To supplement Superior’s consolidated financial statements, which are prepared and presented in accordance with generally accepted accounting principles in the United States (“GAAP”), the Company also uses Adjusted EBITDA and Adjusted EBITDA Margin. Management uses Adjusted EBITDA and Adjusted EBITDA Margin internally for financial and operational decision-making and as a means to evaluate period-to-period comparisons. The Company also believes these non-GAAP measures provide investors useful information about operating results, enhance the overall understanding of past financial performance and future prospects, and allow for greater transparency with respect to key metrics used by management in its financial and operational decision making. Non-GAAP financial measures are not recognized measures for financial statement presentation under U.S. GAAP and do not have standardized meanings and may not be comparable to similar measures presented by other public companies. Adjusted EBITDA and Adjusted EBITDA Margin should be considered as supplements to, and not as substitutes for, or superior to, the corresponding measures calculated in accordance with GAAP. We define Adjusted EBITDA as net income (loss) before net interest expense, income tax expense (benefit) and depreciation, amortization and depletion, adjusted for reduction in value of assets and other charges, which management does not consider representative of our ongoing operations. We define Adjusted EBITDA Margin as Adjusted EBITDA by segment as a percentage of segment revenues.  For a reconciliation of Adjusted EBITDA to net income, the most directly comparable GAAP financial measure, please see the tables under “―Superior Energy Services, Inc. and Subsidiaries Reconciliation of Adjusted EBITDA” included on pages 10 through 11 of this press release.

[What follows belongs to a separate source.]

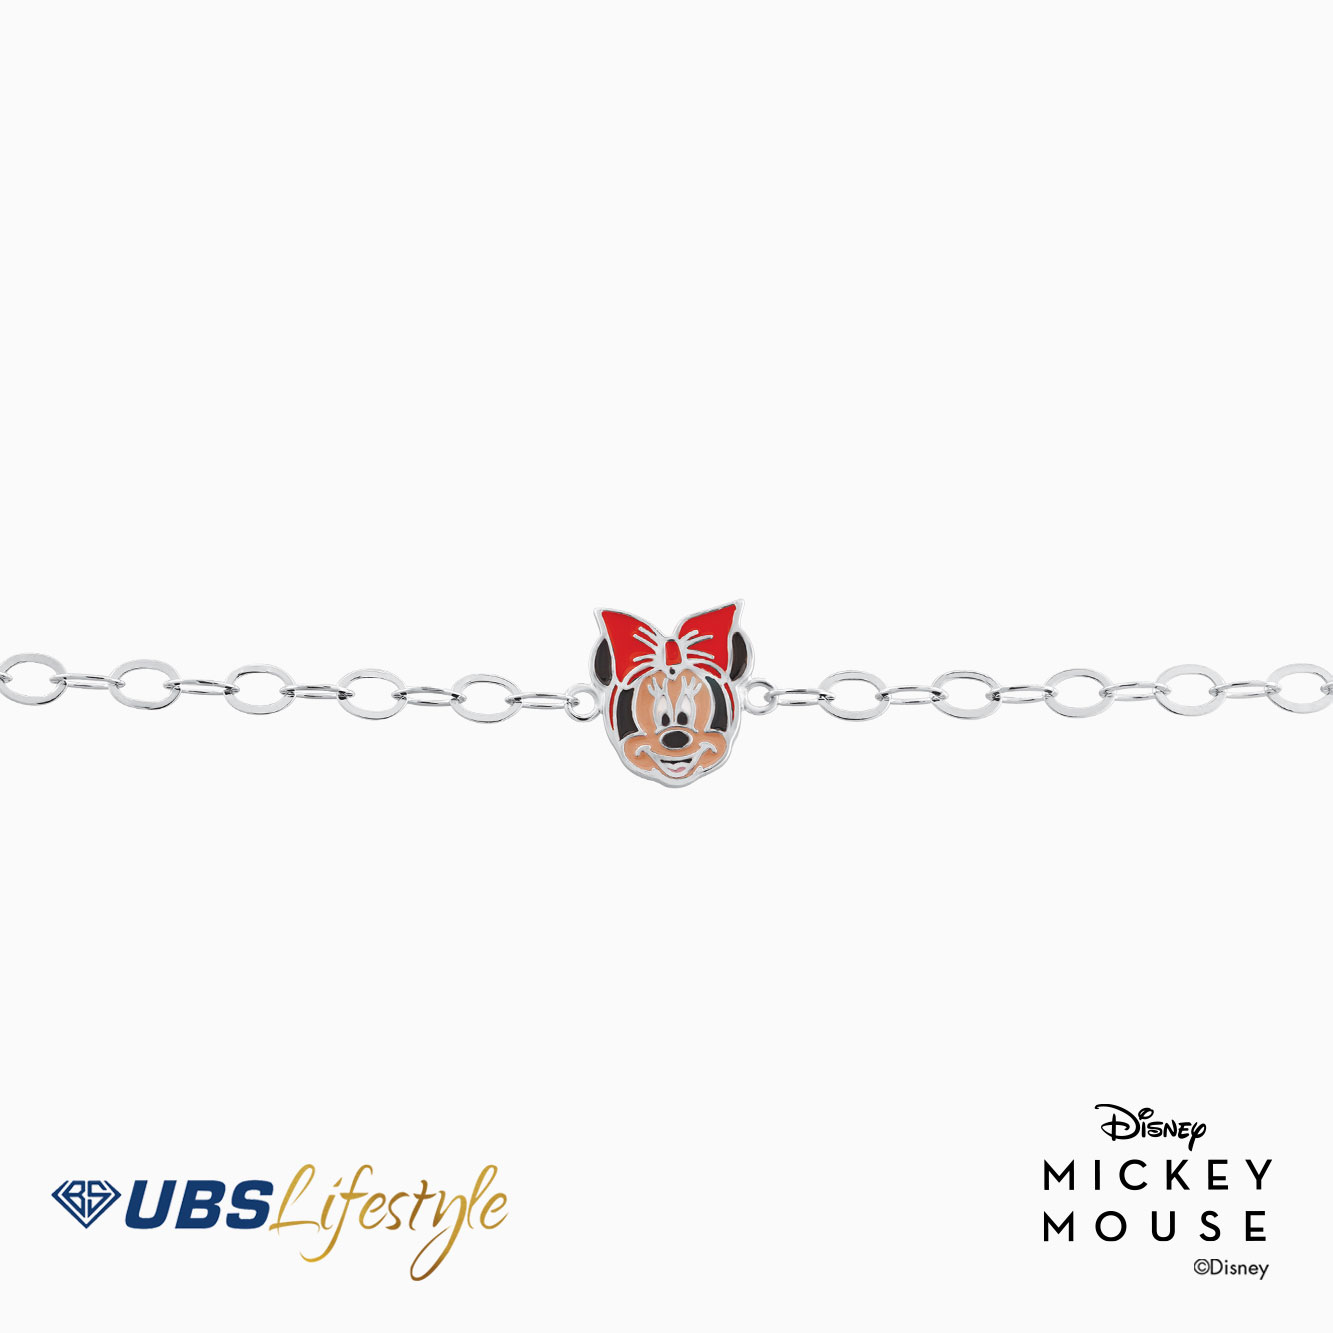 UBS Gelang Emas Anak Disney Minnie Mouse - Kgy0062 - 17K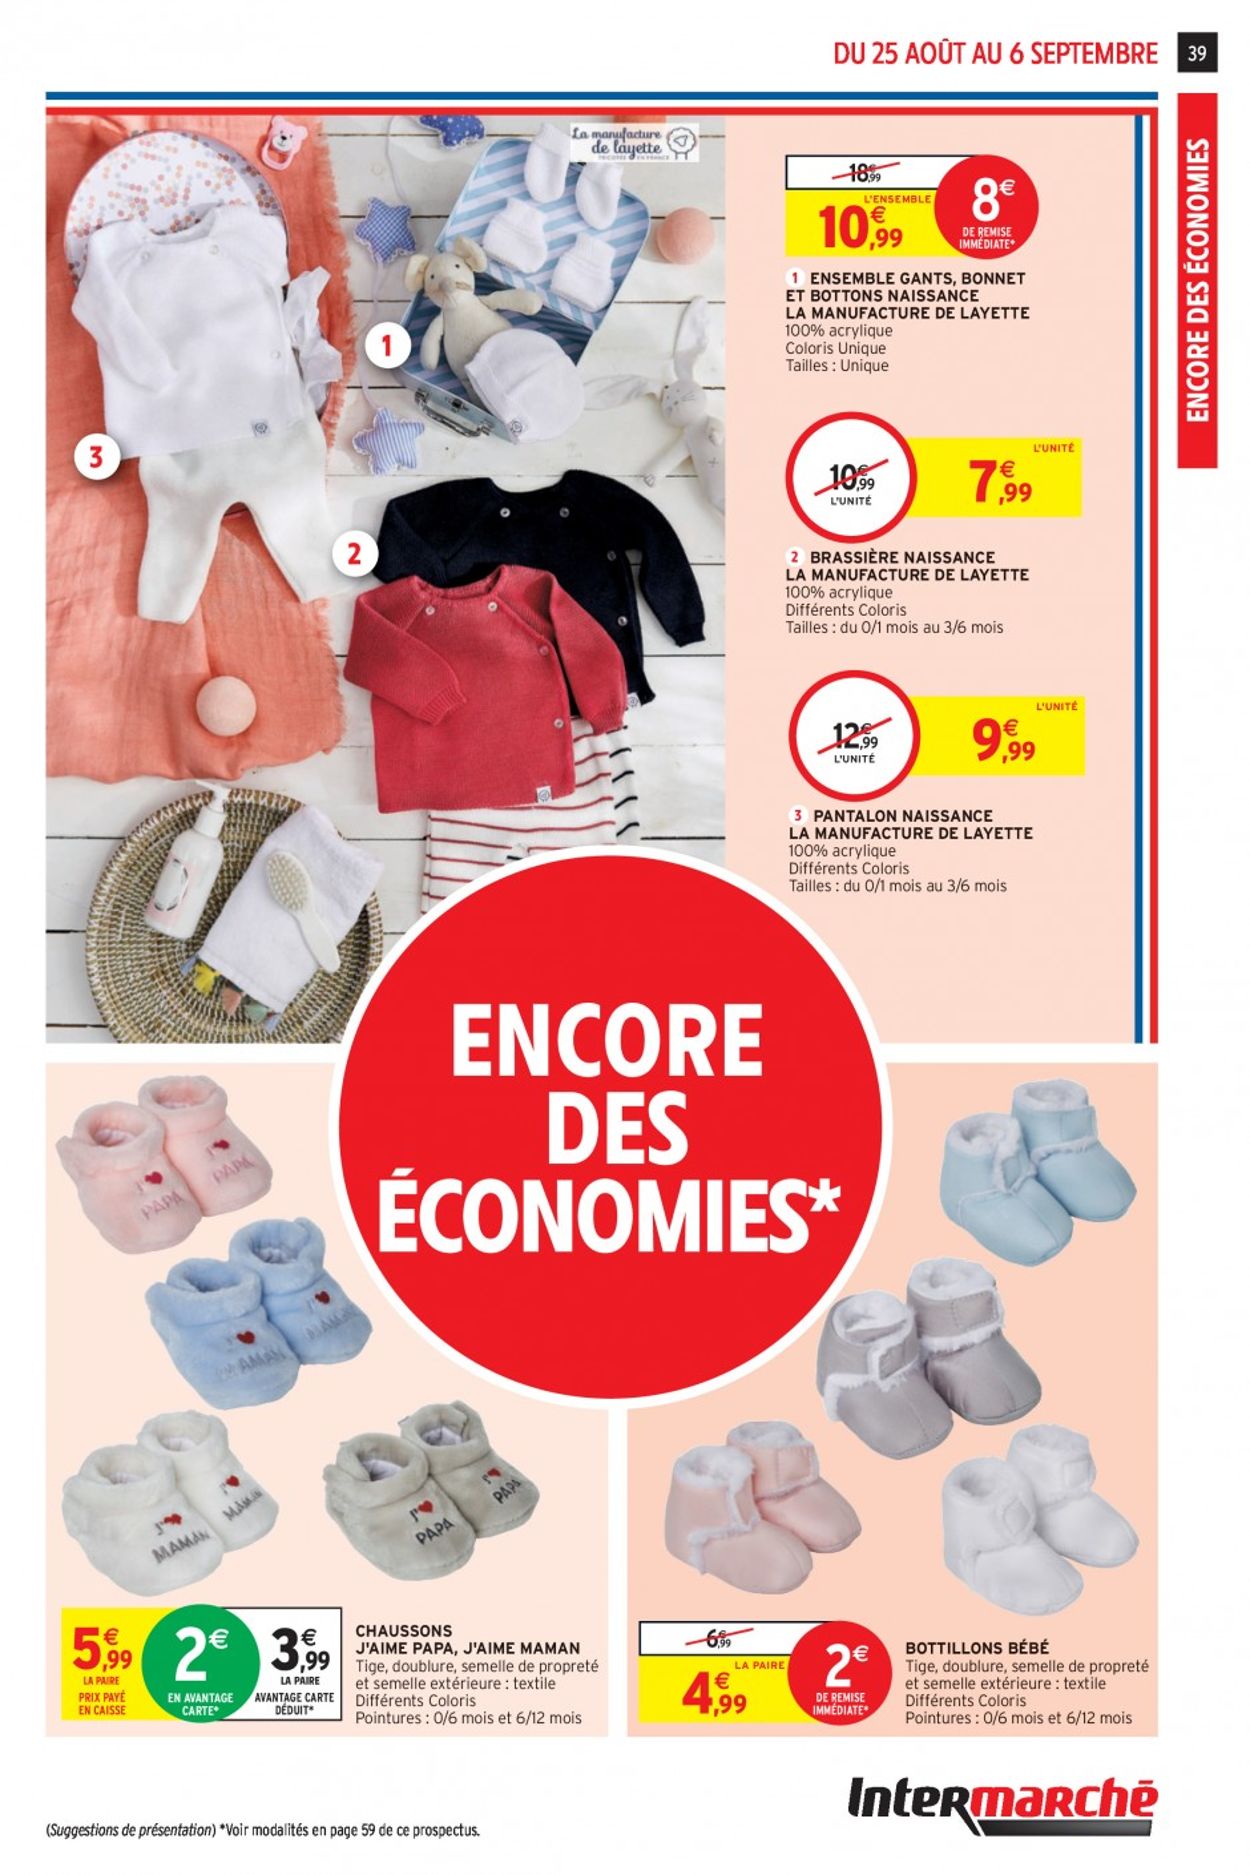 Intermarché Catalogue - 25.08-06.09.2020 (Page 39)

Forward-Looking Statements

This press release contains, and future oral or written statements or press releases by the Company and its management may contain, certain forward-looking statements within the safe harbor provisions of the Private Securities Litigation Reform Act of 1995.  Generally, the words “expects,” “anticipates,” “targets,” “goals,” “projects,” “intends,” “plans,” “believes,” “seeks” and “estimates,” variations of such words and similar expressions identify forward-looking statements, although not all forward-looking statements contain these identifying words. All statements other than statements of historical fact regarding the Company’s financial position, financial performance, depreciation expense, liquidity, strategic alternatives (including dispositions and the timing thereof), market outlook, future capital needs, capital allocation plans, business strategies and other plans and objectives of our management for future operations and activities are forward-looking statements. These statements are based on certain assumptions and analyses made by the Company’s management in light of its experience and prevailing circumstances on the date such statements are made. Such forward-looking statements, and the assumptions on which they are based, are inherently speculative and are subject to a number of risks and uncertainties, including but not limited to conditions in the oil and gas industry and the availability of third party  buyers, that could cause the Company’s actual results to differ materially from such statements. These forward-looking statements rely on a number of assumptions concerning future events and are subject to a number of uncertainties and factors, many of which are outside the control of the Company, which could cause actual results to differ materially from such statements.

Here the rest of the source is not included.